A few months in, I started the ‘escape the trap’ programme. I think this was the first time I started to question if my ex-partner was abusive. Before that, I was completely in denial, but hearing other people’s stories and seeing how similar they were to mine brought me slightly out of that denial. I still wasn’t ready to speak about it, or fully accept it, and I was still spending most of my time with my ex-partner, but it was the first crack in my rose-tinted glasses that led to them eventually shattering completely. I would share stories with the group about my current relationship with my ex-partner- things that were happening regularly at that time, but I would pretend I was talking about someone else, a different abusive partner from years before. Although I felt guilty for being dishonest, having the freedom to finally TELL someone was really therapeutic. For that, I am incredibly grateful for the escape the trap programme, despite being so reluctant to engage with it.
Another process that has changed my life since joining the project, is the therapeutic work I have been doing with their counsellor. I have suffered with my mental health since I was a child, and have seen many different counsellors, psychotherapists, and tried lots of different types of therapy, but I have never once felt comfortable enough to open up to a therapist, to show my true self and let them get to know me. I’ve always been extremely reserved, and struggled to trust therapists, and have therefore never really made much improvement before. But with the therapy I have received at the project, I met another person who refused to give up. She never pushed me, or got frustrated with me, never judged me or blamed me for anything. Sometimes if she could see me getting uncomfortable we would just sit and play games, or draw. She didn’t care how long it would take, she knew that she would eventually earn my trust and she never stopped trying to help me. Having that therapy has changed my life, and still continues to. I have made unbelievable progress since I have been seeing her and I can now say that I am excited for the future, which is something I’ve never really felt until now.
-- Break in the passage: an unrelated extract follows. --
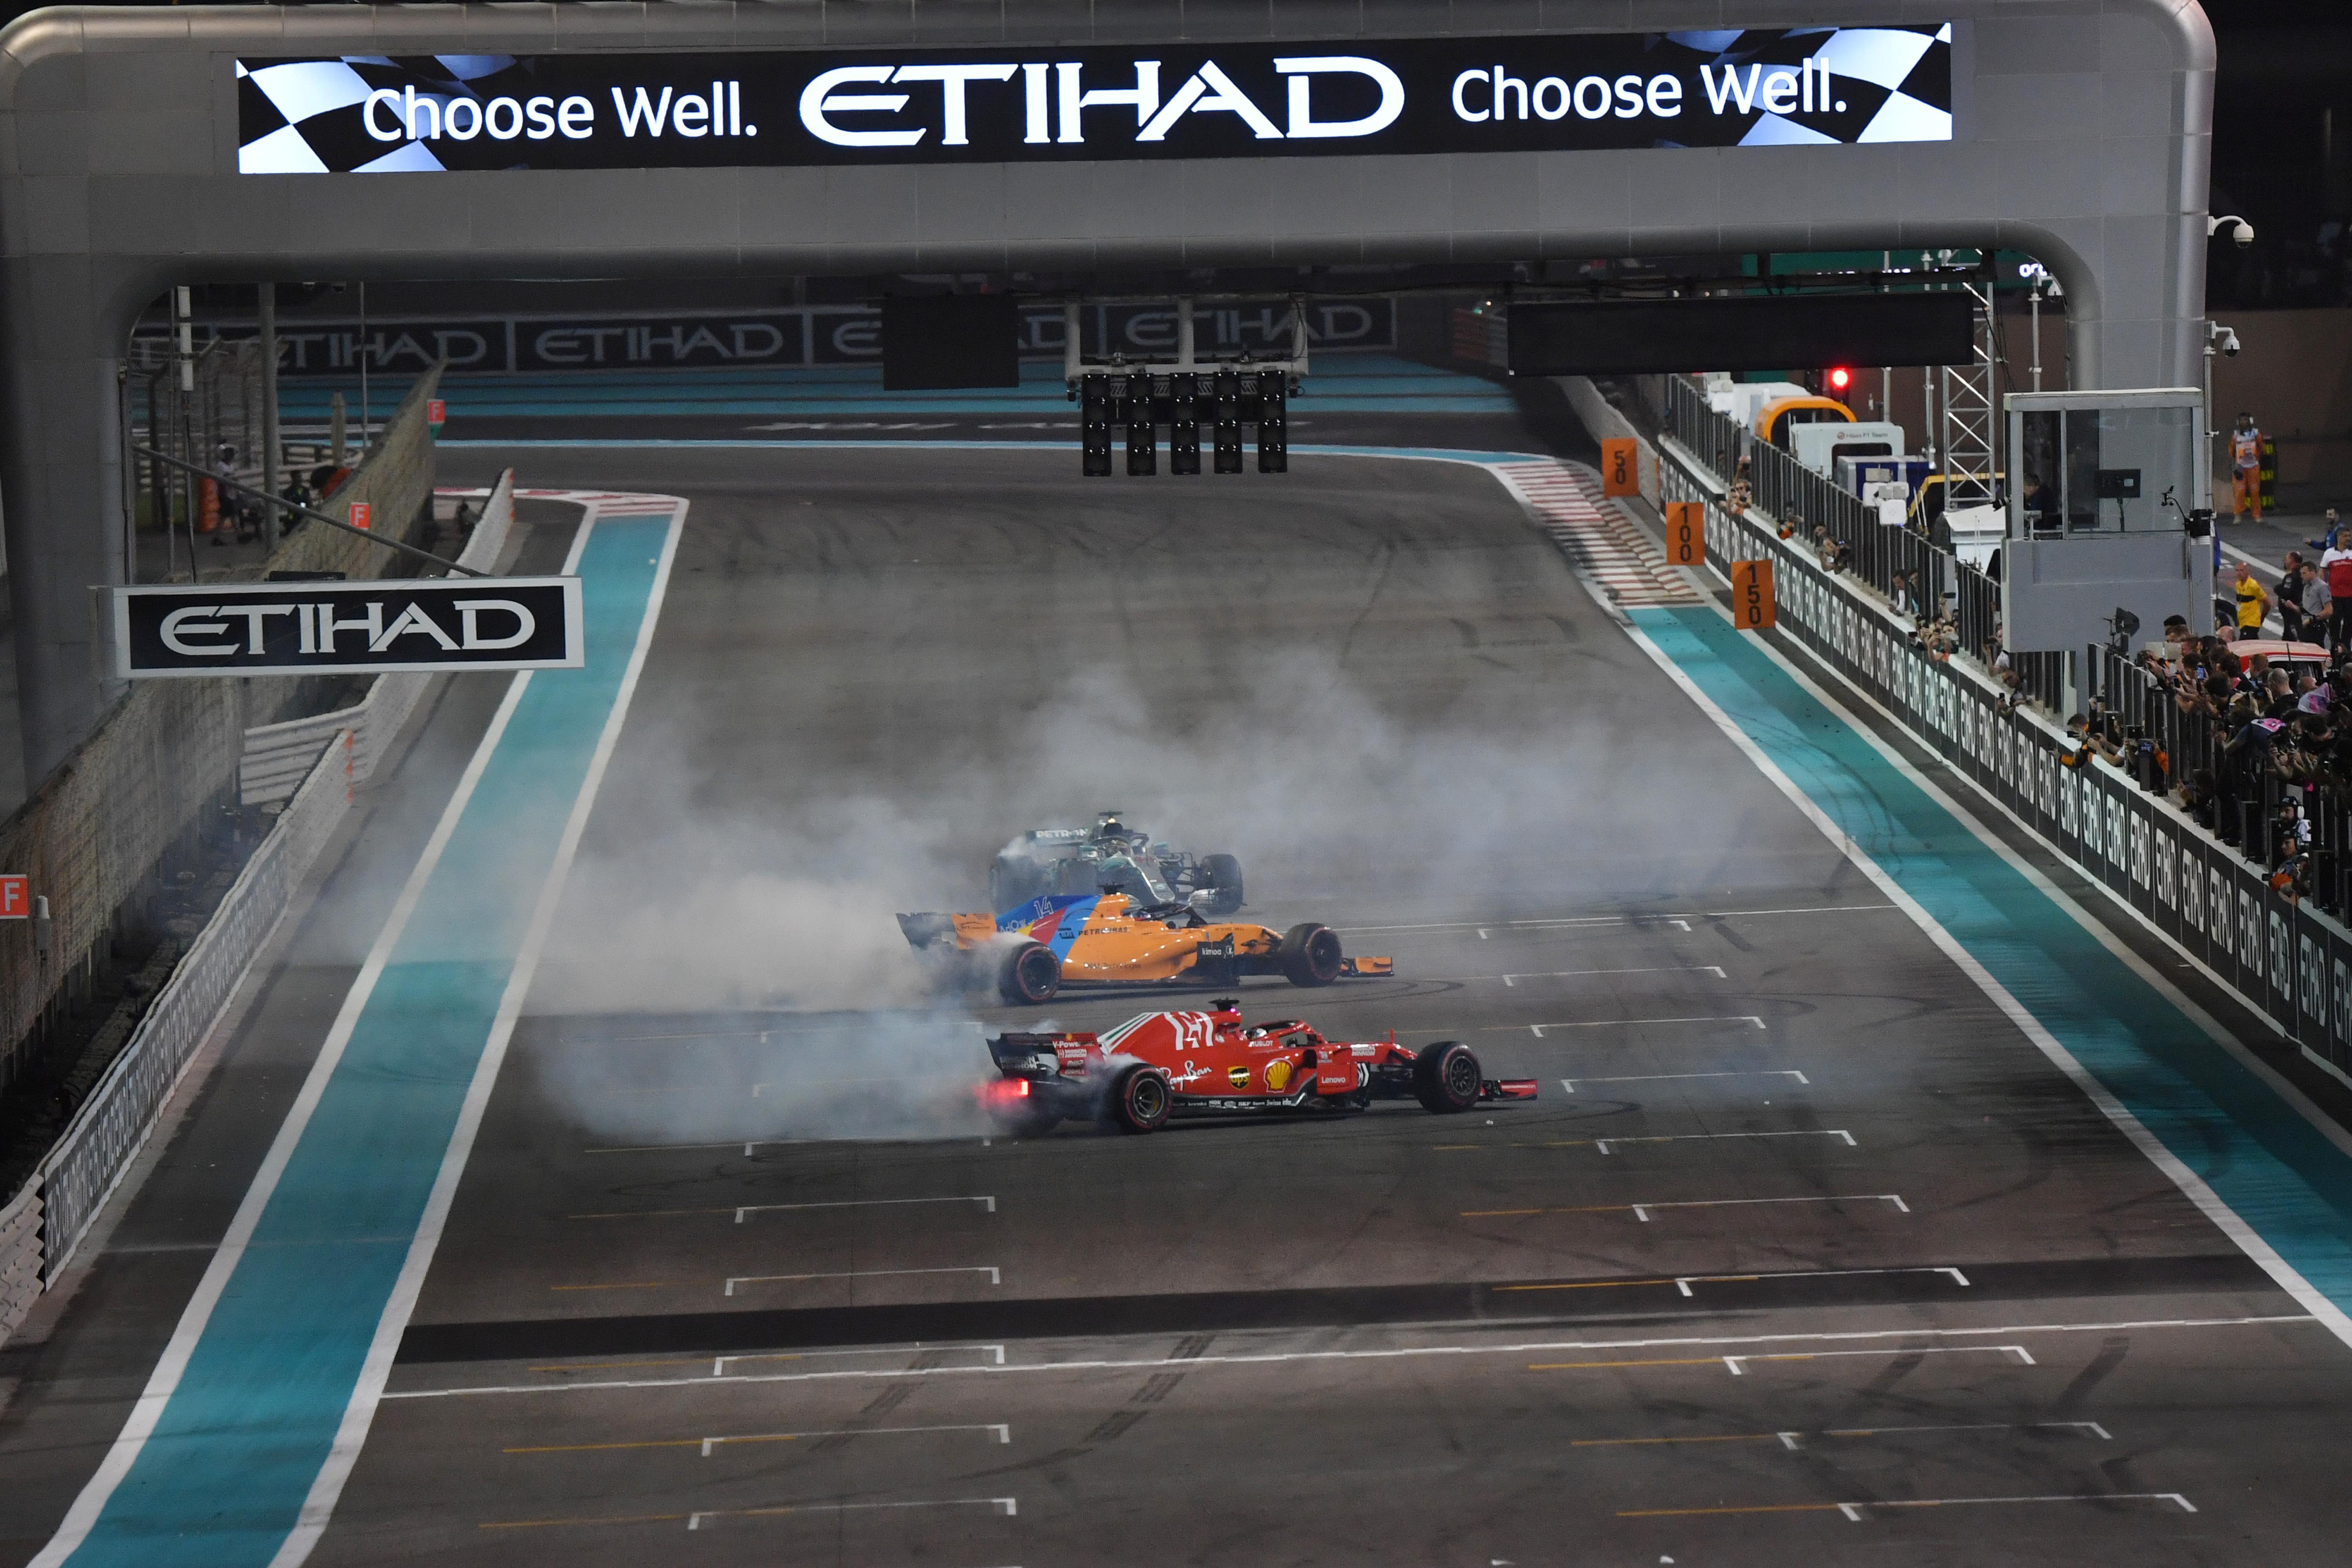 Je li ono najbolje što nam mogu ponuditi Alonso i Renault tek pred nama?

It wasn’t until spending about 9 months with the project that I finally gained the courage to speak out about my ongoing abuse from my ex-partner. I called my support worker in tears after receiving death threats and realising I couldn’t live in that situation anymore. She immediately came to see me and calm me down, she advised me on how to handle the situation and promised she would be there whenever I needed anything. And she was. I felt such a huge relief after opening up to her that I never went back to my ex-partner, despite spending three years going back and forth before that day. Since then I have been rebuilding my life, focusing on building healthy relationships and looking to the future. I have never felt this stability and positivity before and I certainly never would’ve experienced any of this without the help from the YWHP.
From coming with me to do food shops, doctors’ appointments, helping me apply for benefits, helping me engage with other people by coming to groups and trips, to just sitting with me and making me laugh and telling me about her day, my support worker has helped me more than anyone ever has. I am so grateful for her constant support and for always seeing the good qualities in me, way before I could. She has helped me so much to improve my confidence and independence and I look up to her in so many ways. I hope one day I can help people and impact their lives as much as she, the other support workers and my therapist does every single day.
I have never met people that care so much about their job, and their clients. I feel like I have found a family with the YWHP, and that is so much more than I ever could have asked for.